As a side note, we’re currently experiencing some odd issues with our website – on a small number of orders it’s failing to correctly calculate the postage costs (unfortunately I can’t recreate it, which is making it tricky to fix). So in these cases we’re having to send PayPal invoices to cover the additional shipping costs, which is a bit of a pain but will have to do until I can fix it. One common thread is that it seems to be occurring with people who are previous customers, so it could be a caching issue (ie an old file which has been saved by your browser is being used). So it might be worth refreshing our website before you place an order – that might help.

Trouble at t’Mill

15mm gamers have had it all their own way with the last couple of new releases, so it’s time for a change of pace, scale and era.

WarehouseRelease

Today’s new items are from an era of Charles Dickens, tyrannical mill owners and child labour – what’s not to like? In the Small Scale Scenery range we have three new industrial models – a large Victorian warehouse, a Textile Mill and a set of three dockside warehouses.
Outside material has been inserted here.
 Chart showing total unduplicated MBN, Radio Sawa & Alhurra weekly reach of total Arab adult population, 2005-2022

All are one piece resin castings and are based as on real-world prototypes around the UK.

SSS-8069 – Victorian Warehouse – £3.50
SSS-8070 – Textile Mill – £3.50
SSS-8071 – Dockside Warehouses (x3) – £3.50

The Warehouse Project

As promised, today we have more previews of Salute releases. But first, a brief tale about why this isn’t what we originally planned….
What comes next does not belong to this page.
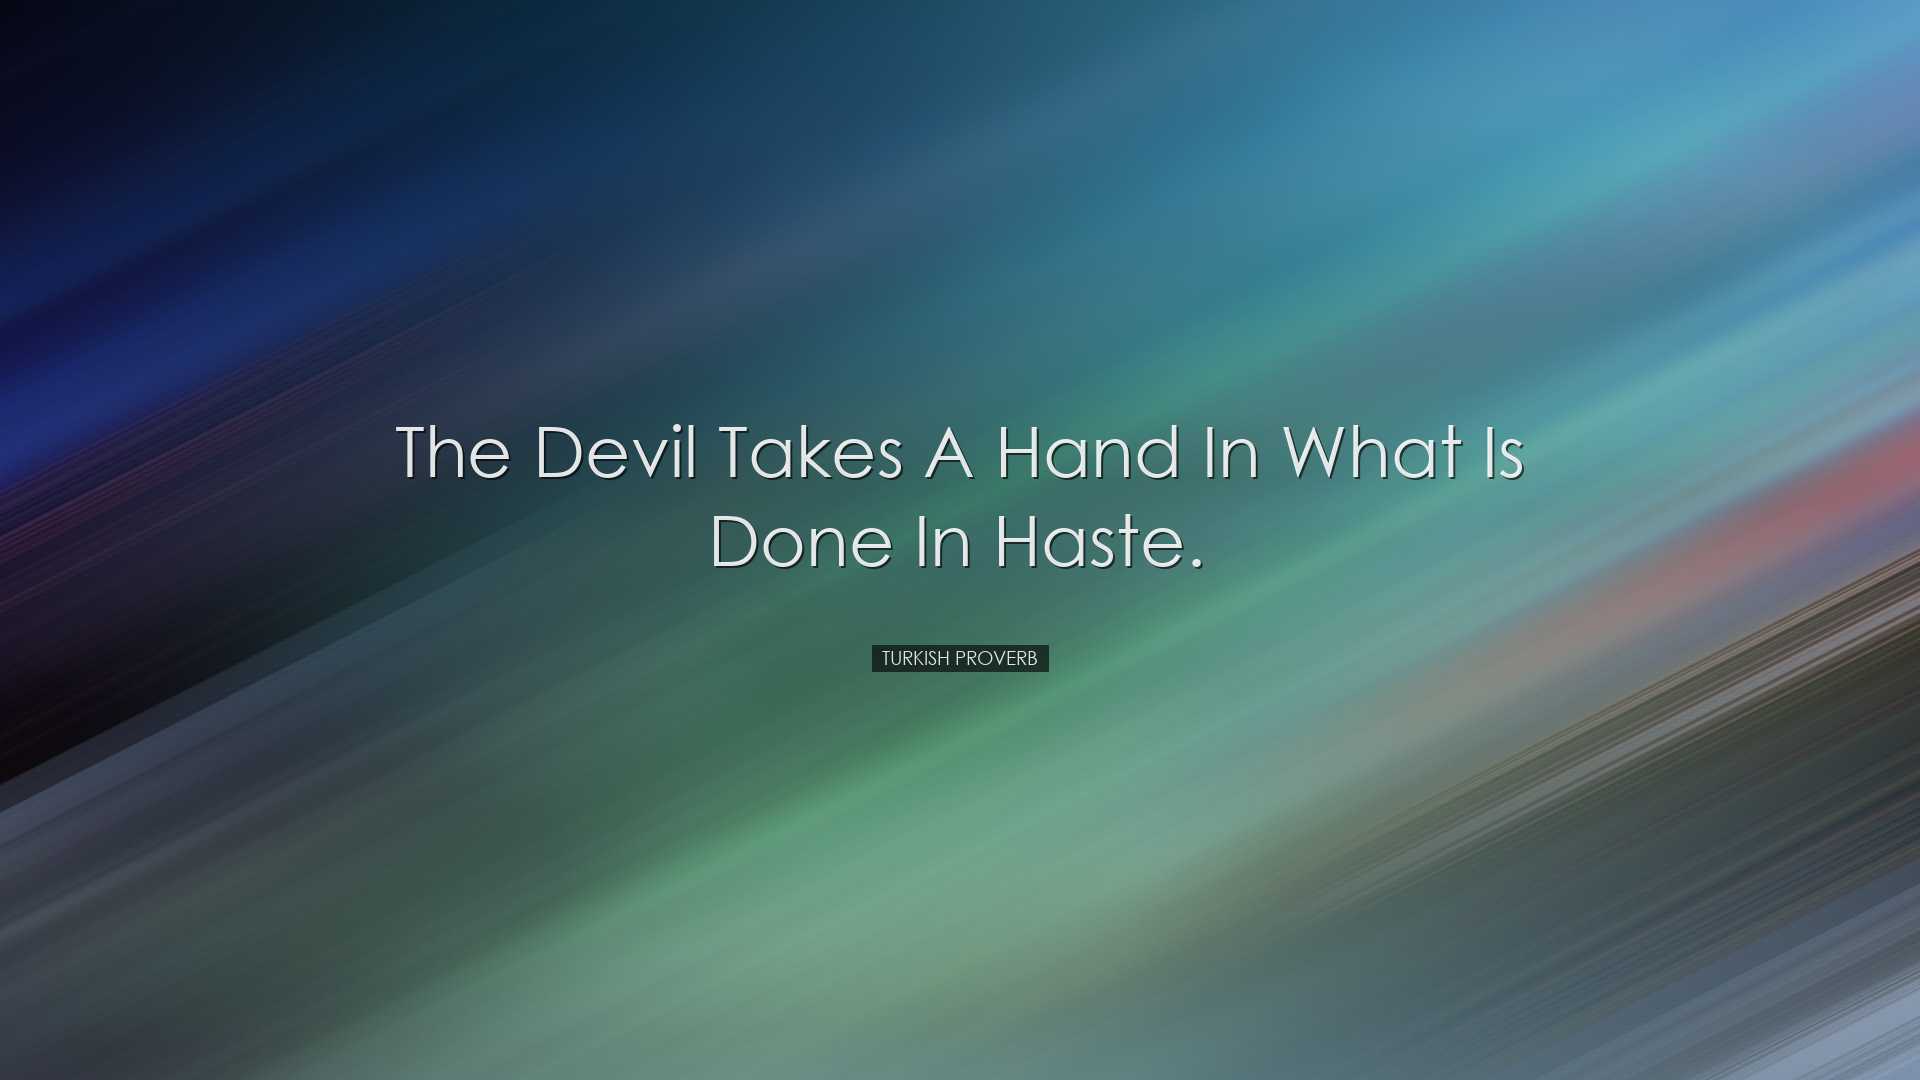 The devil takes a hand in what is done in haste. - Turkish Proverb

I’ve been planning to come up with some dockyard models to add to the Small Scale Scenery range, based around Chatham Dockyard at the turn of the 20th century. My intention, which I have mentioned to several people, was to have these ready for Salute this year. However, when I started to work on it, I realised that it was going to be a larger project than I had envisaged, and would need rather more time and research, more than I had available. So the long and the short of it is that you won’t be getting the dockyard on the 16th.

Instead, you’ll get these fine (and rather useful) Victorian industrial buildings – a large warehouse with central office building, a textile mill and a set of three dockside warehouses. Perfect for any number of uses, including modelling the East End for Battle of Britain raids on London.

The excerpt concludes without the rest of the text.